STORED DATA:
*** Begin section ***
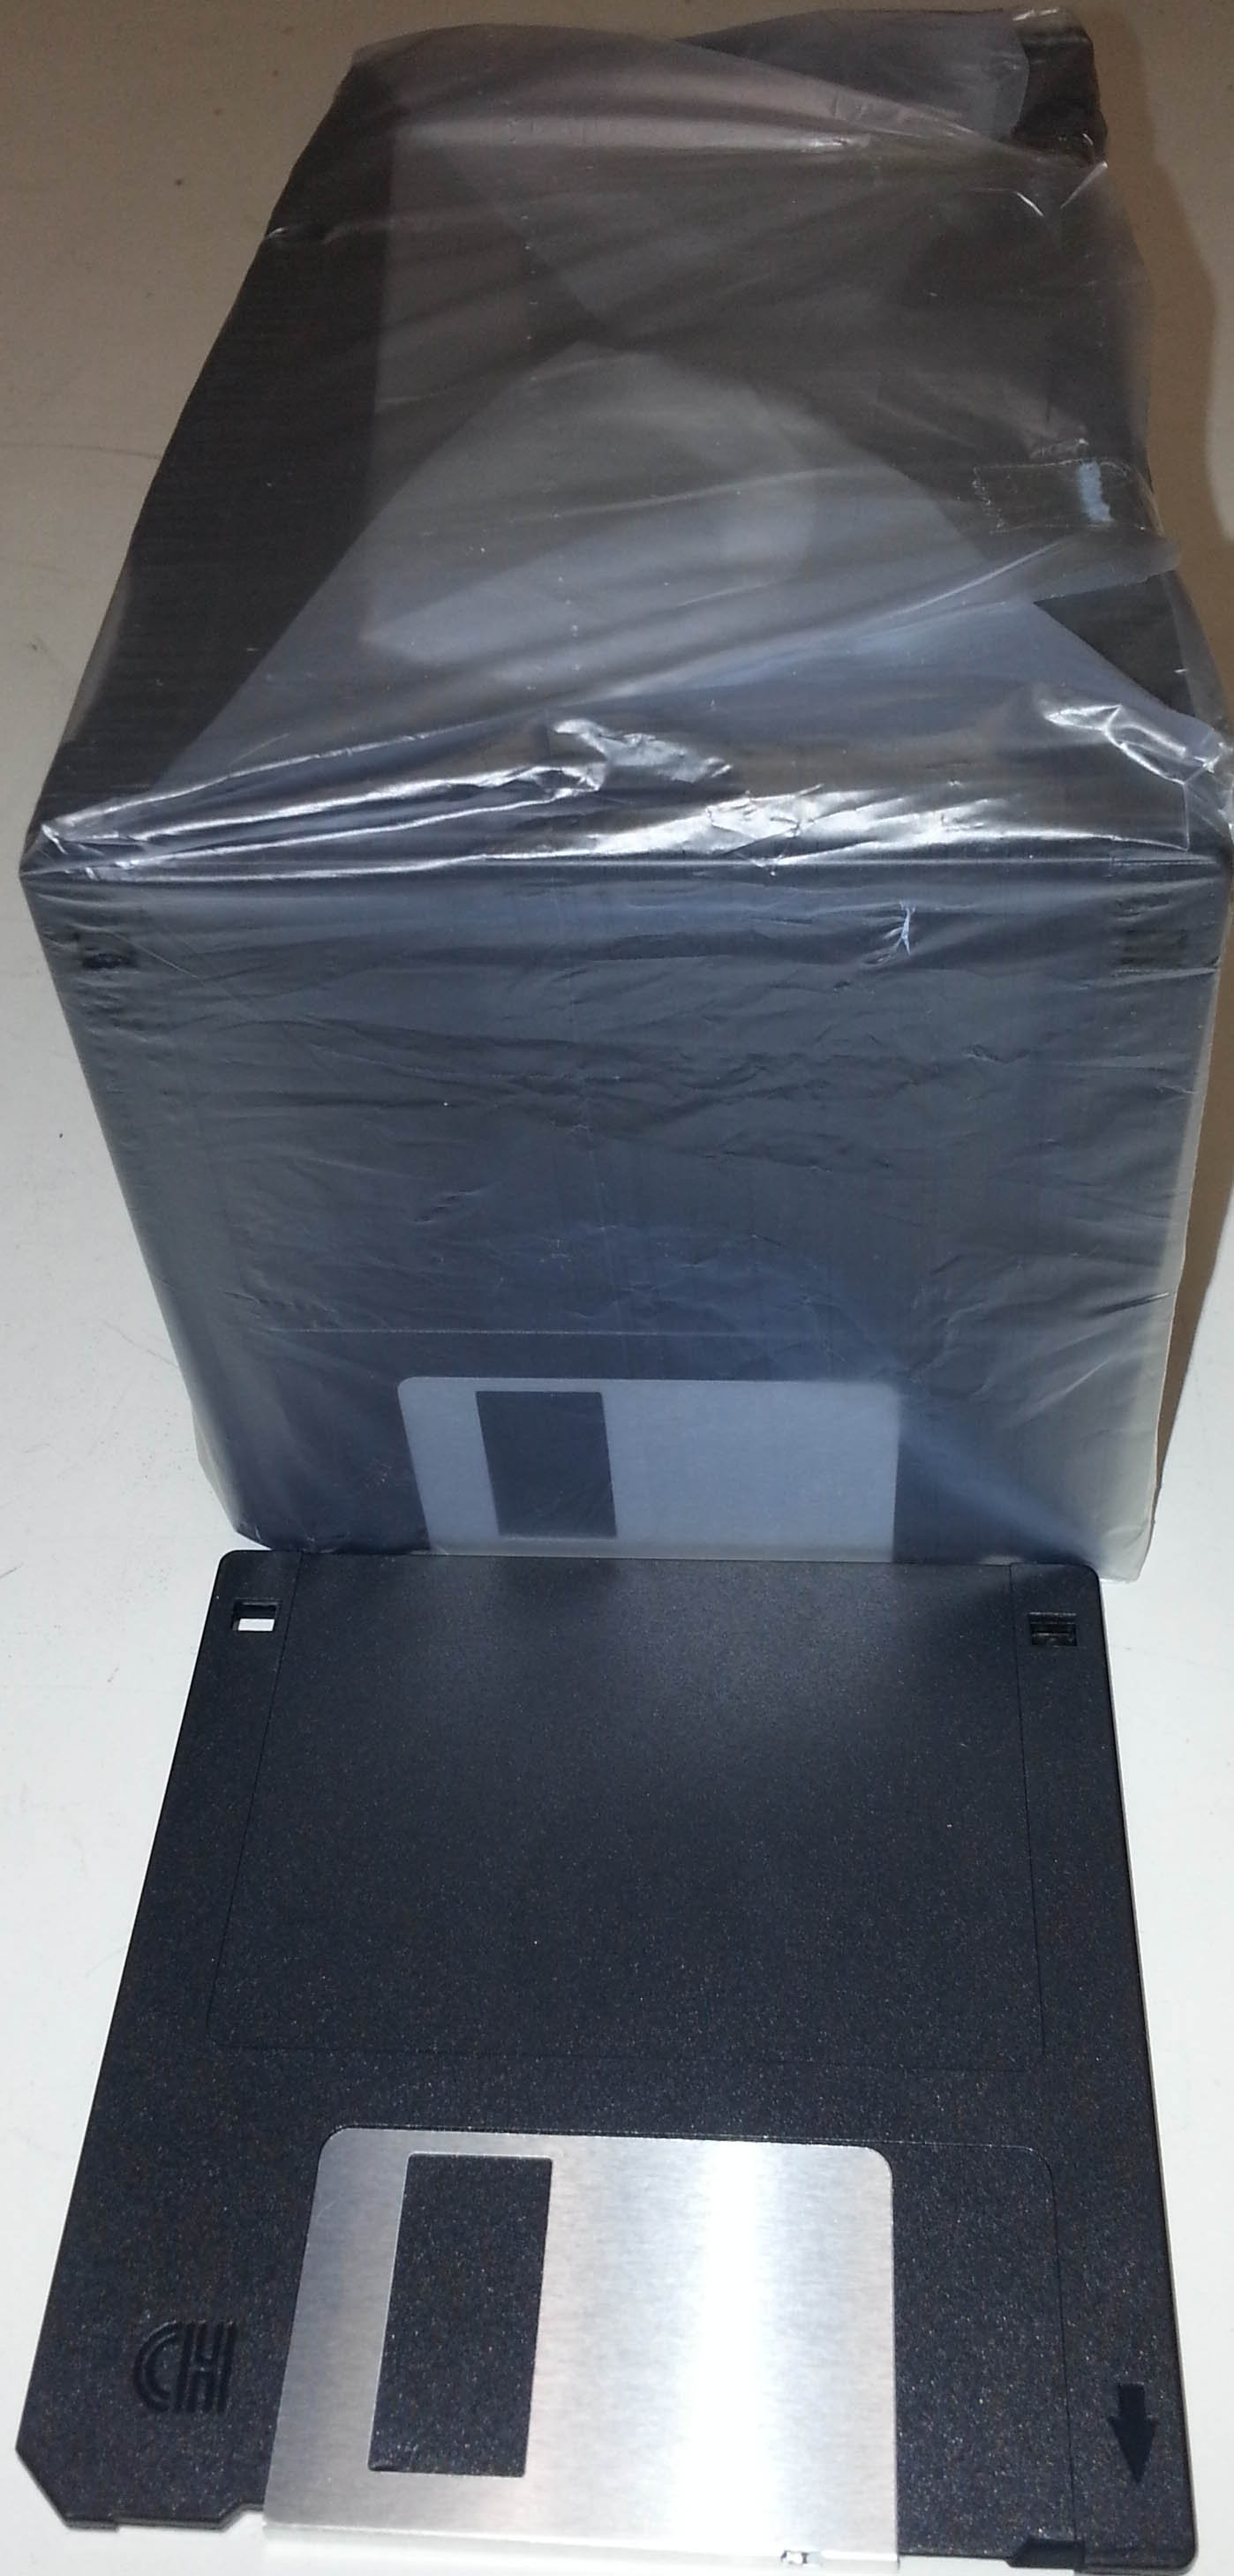 50 Floppy Disks Manufactured in 2011. Formatted 1.44 MB DS/HD MF-2HD 3.5 inch Diskettes 
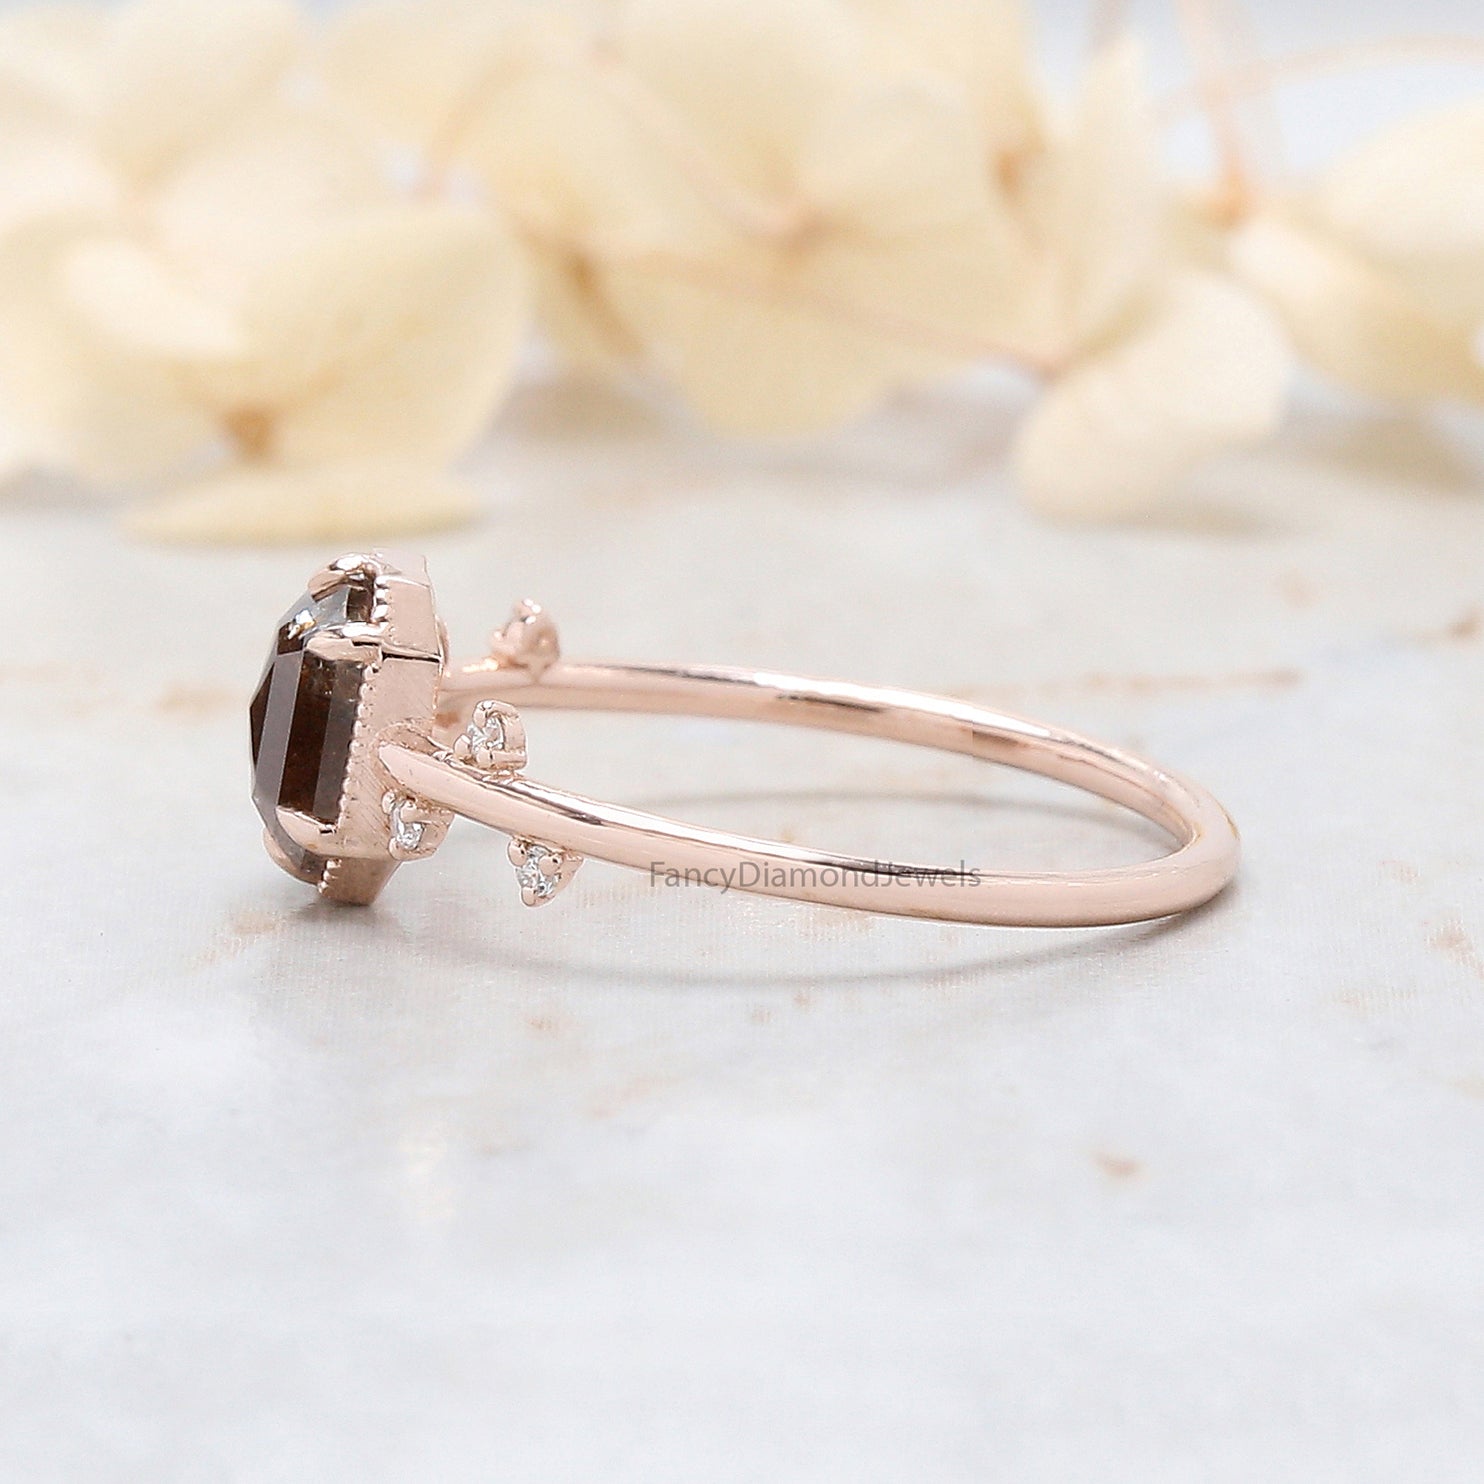 Emerald Cut Brown Color Diamond Ring 0.79 Ct 6.18 MM Emerald Shape Diamond Ring 14K Rose Gold Silver Engagement Ring Gift For Her QL652
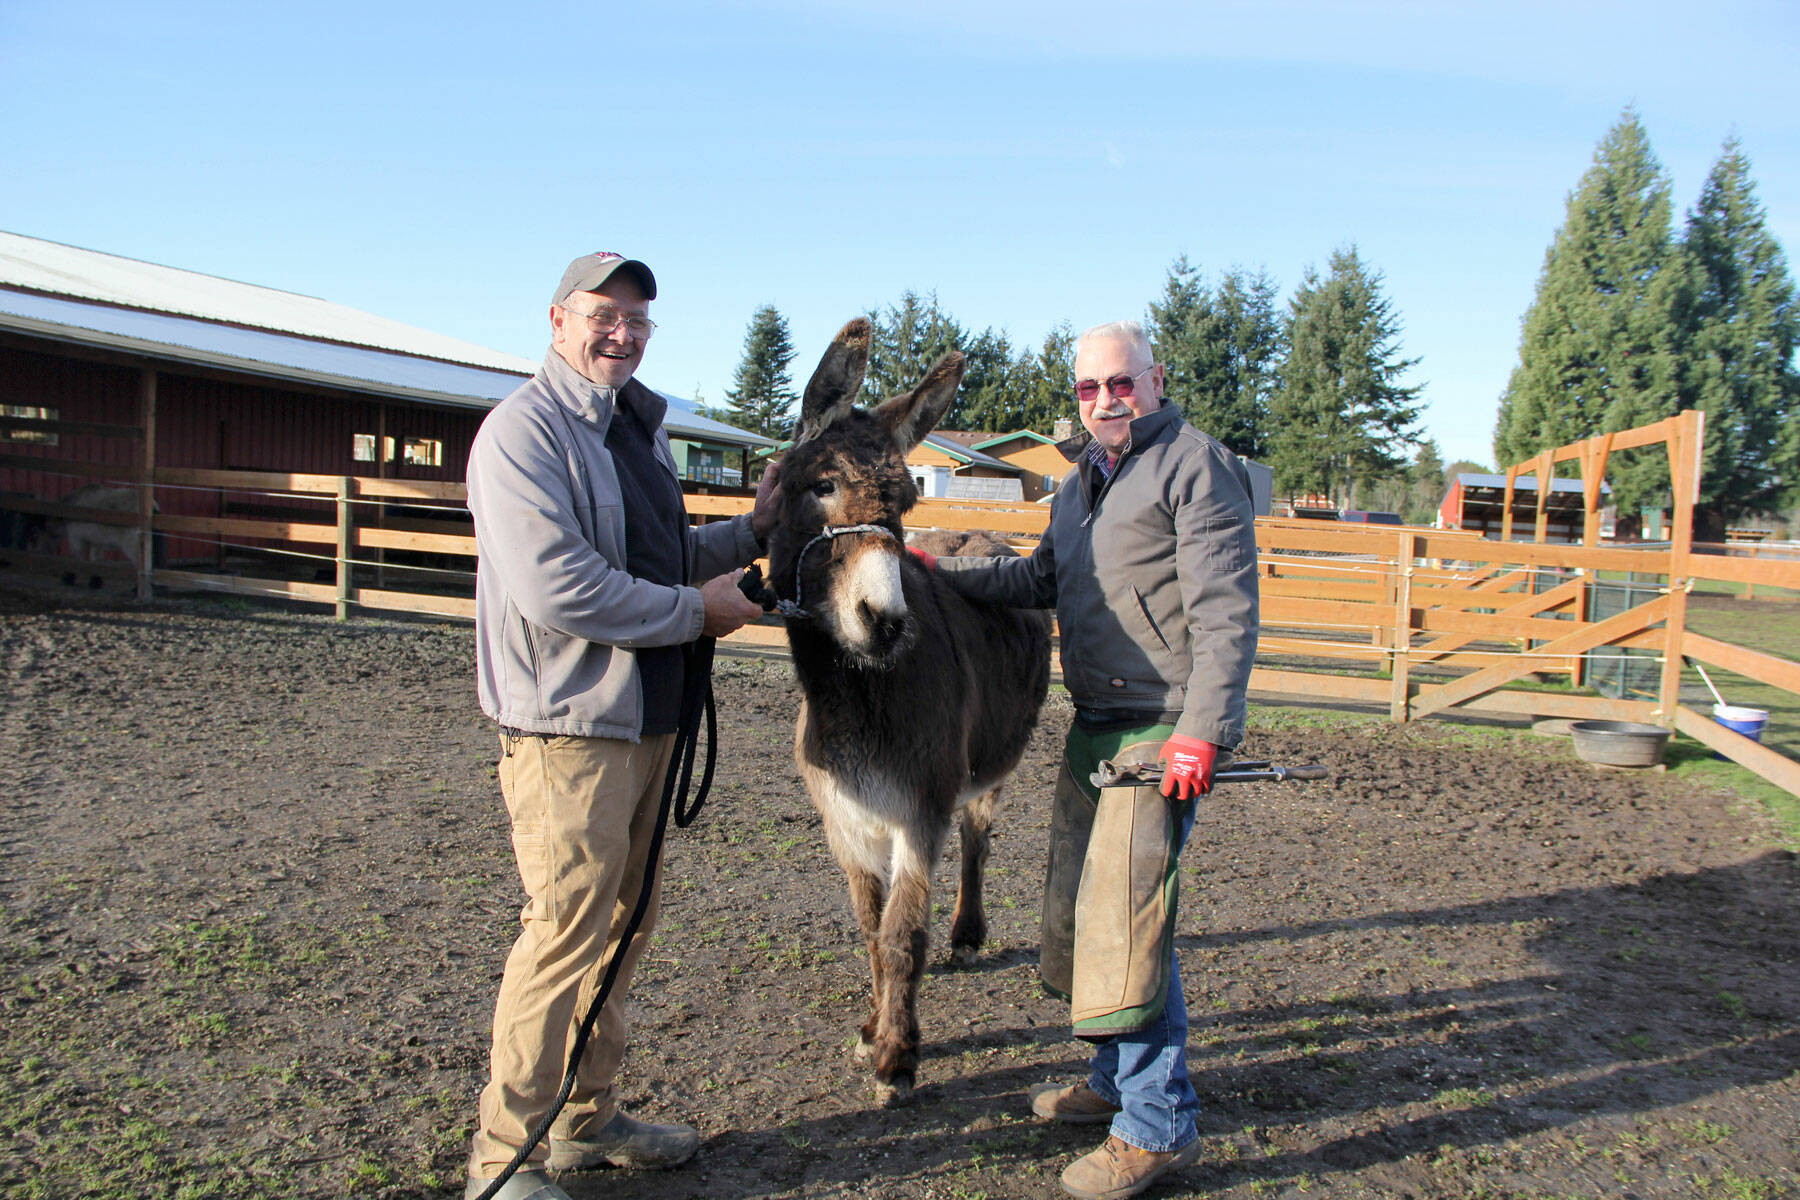 Snickers the rescued donkey with owner Tony Boaz, left, and farrier Glade Rankin. (Karen Griffiths / for Peninsula Daily News)
Snickers the rescued donkey with owner Tony Boaz, left, and farrier Glade Rankin. (Karen Griffiths / for Peninsula Daily News)
*** End section ***
Retype all of the data above word for word, excluding the pictures.

WRITTEN ANSWER:
 50 Floppy Disks Manufactured in 2011. Formatted 1.44 MB DS/HD MF-2HD 3.5 inch Diskettes 
 Emerald Cut Brown Color Diamond Ring 0.79 Ct 6.18 MM Emerald Shape Diamond Ring 14K Rose Gold Silver Engagement Ring Gift For Her QL652
 Snickers the rescued donkey with owner Tony Boaz, left, and farrier Glade Rankin. (Karen Griffiths / for Peninsula Daily News)
Snickers the rescued donkey with owner Tony Boaz, left, and farrier Glade Rankin. (Karen Griffiths / for Peninsula Daily News)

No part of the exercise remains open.